Антифик неожиданно вскочил — как на пружинах. Остановившись около открытого окна, тяжело дыша, как загнанный рысак, он помотал гнедой, всклокоченною гривой. Разорвал рубаху возле горла — отлетевшая пуговка под ногами запрыгала. И вдруг — непонятно откуда — в руке паренька затрепетало длинное тонкое лезвие. Развернувшись, он пошёл на Полынцева — нож просвистел возле горла и поломался, наткнувшись на бетонную стенку. Отбросив рукоятку ножа, паренёк посмотрел в раскрытое окно и засмеялся каким-то тихим-тихим и глубоко счастливым смехом сумасшедшего.

И пошёл, пошёл в пространство синего окна, вознамерившись прыгнуть…

И тут с Полынцевым что-то случилось — будто кожу сдёрнули с него.

— Сынок! — закричал он, бросаясь наперерез. — Не надо! Поймав паренька на краю подоконника, он изумился той силе, какая теперь бушевала внутри худосочного юноши — с ним очень трудно было совладать. И тогда Полынцеву поневоле пришлось ударить — почти на поражение. Антифик на минуту потерял сознание и только после этого Полынцев туго связал его, спеленал простынями и надёжно, туго прикрутил к батарее парового отопления — от греха подальше.
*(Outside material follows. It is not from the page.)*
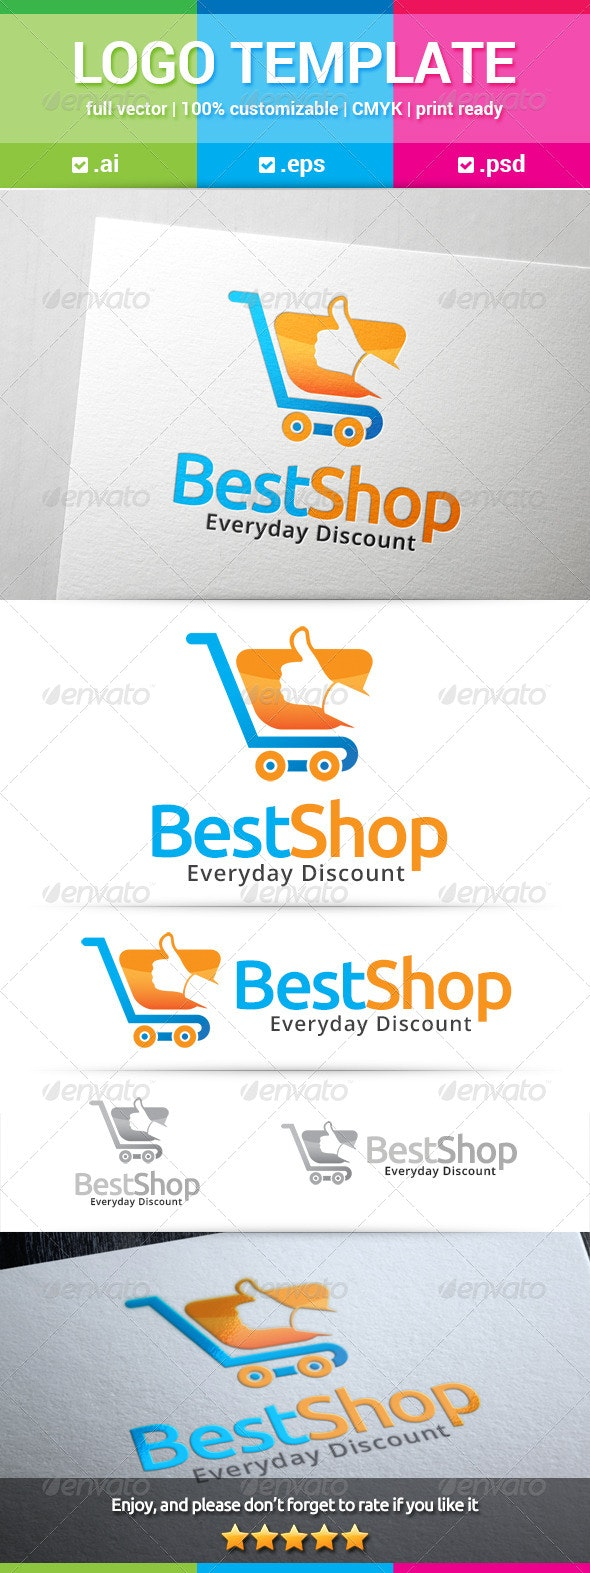 Best Shop Logo - Objects Logo Templates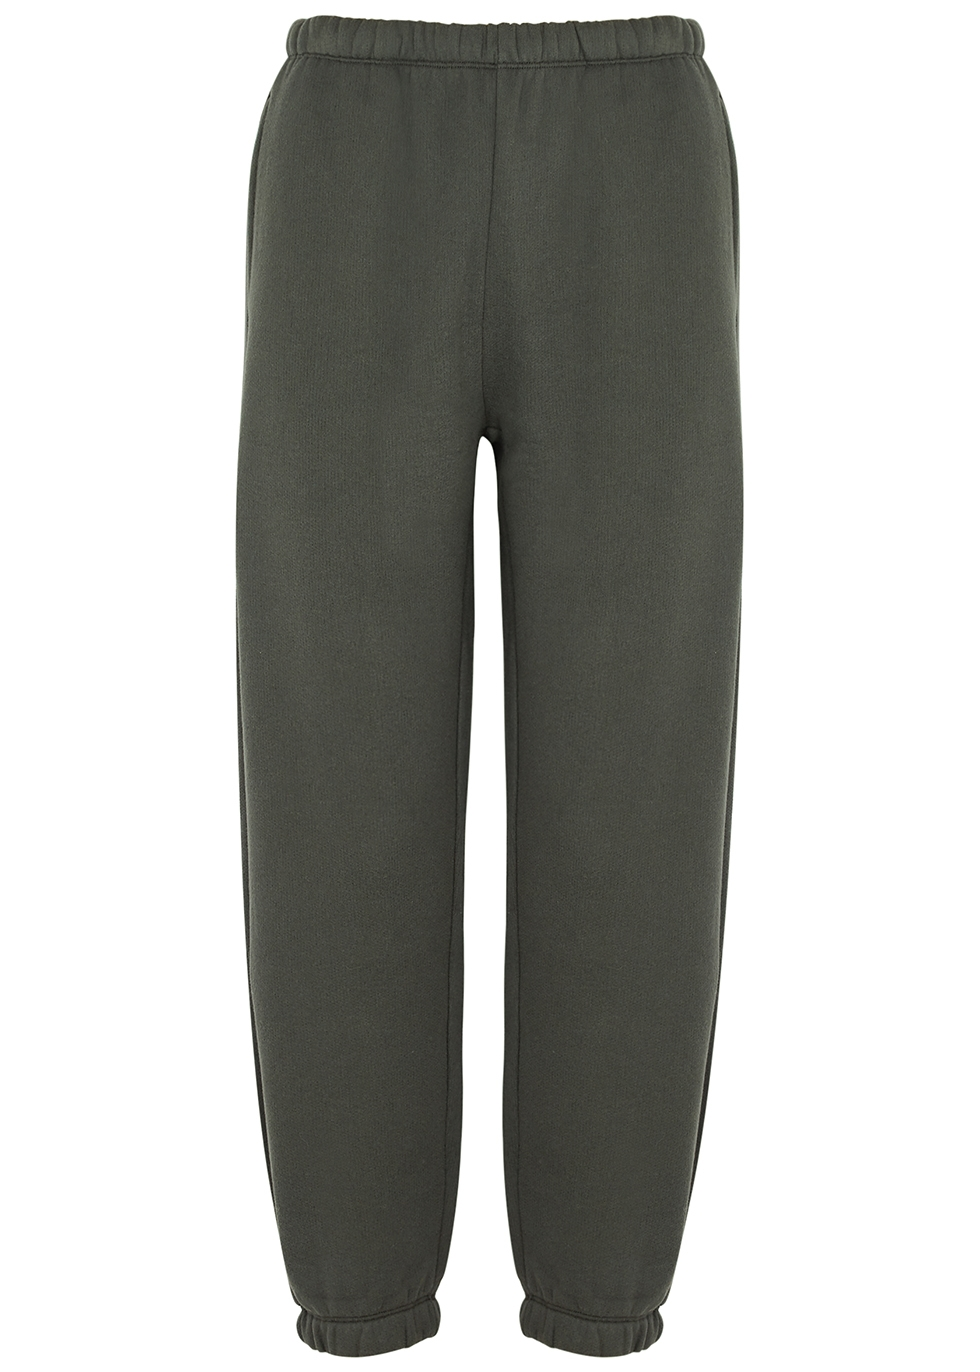 Ikatown grey cotton-blend sweatpants

Утомлённый борьбою, взопревший от перенапряжения, Полынцев опустился на пол рядом с юношей, обнял его, взлохмаченные волосы пригладил на горячей голове.

Приходя в себя, Антифик замычал, вращая сумасшедшими глазами, готовыми выпрыгнуть из орбит.

— Прости, сынок, прости, — прошептал Полынцев. — Я сейчас вызову скорую. Всё будет хорошо, держись. Я сам не знаю, как я докатился… Прости дурака… Надо ехать в Москву, там закон принимали…

Он трубку снял и позвонил куда-то, с трудом попадая трясущимся пальцем на тёмные кнопки телефона.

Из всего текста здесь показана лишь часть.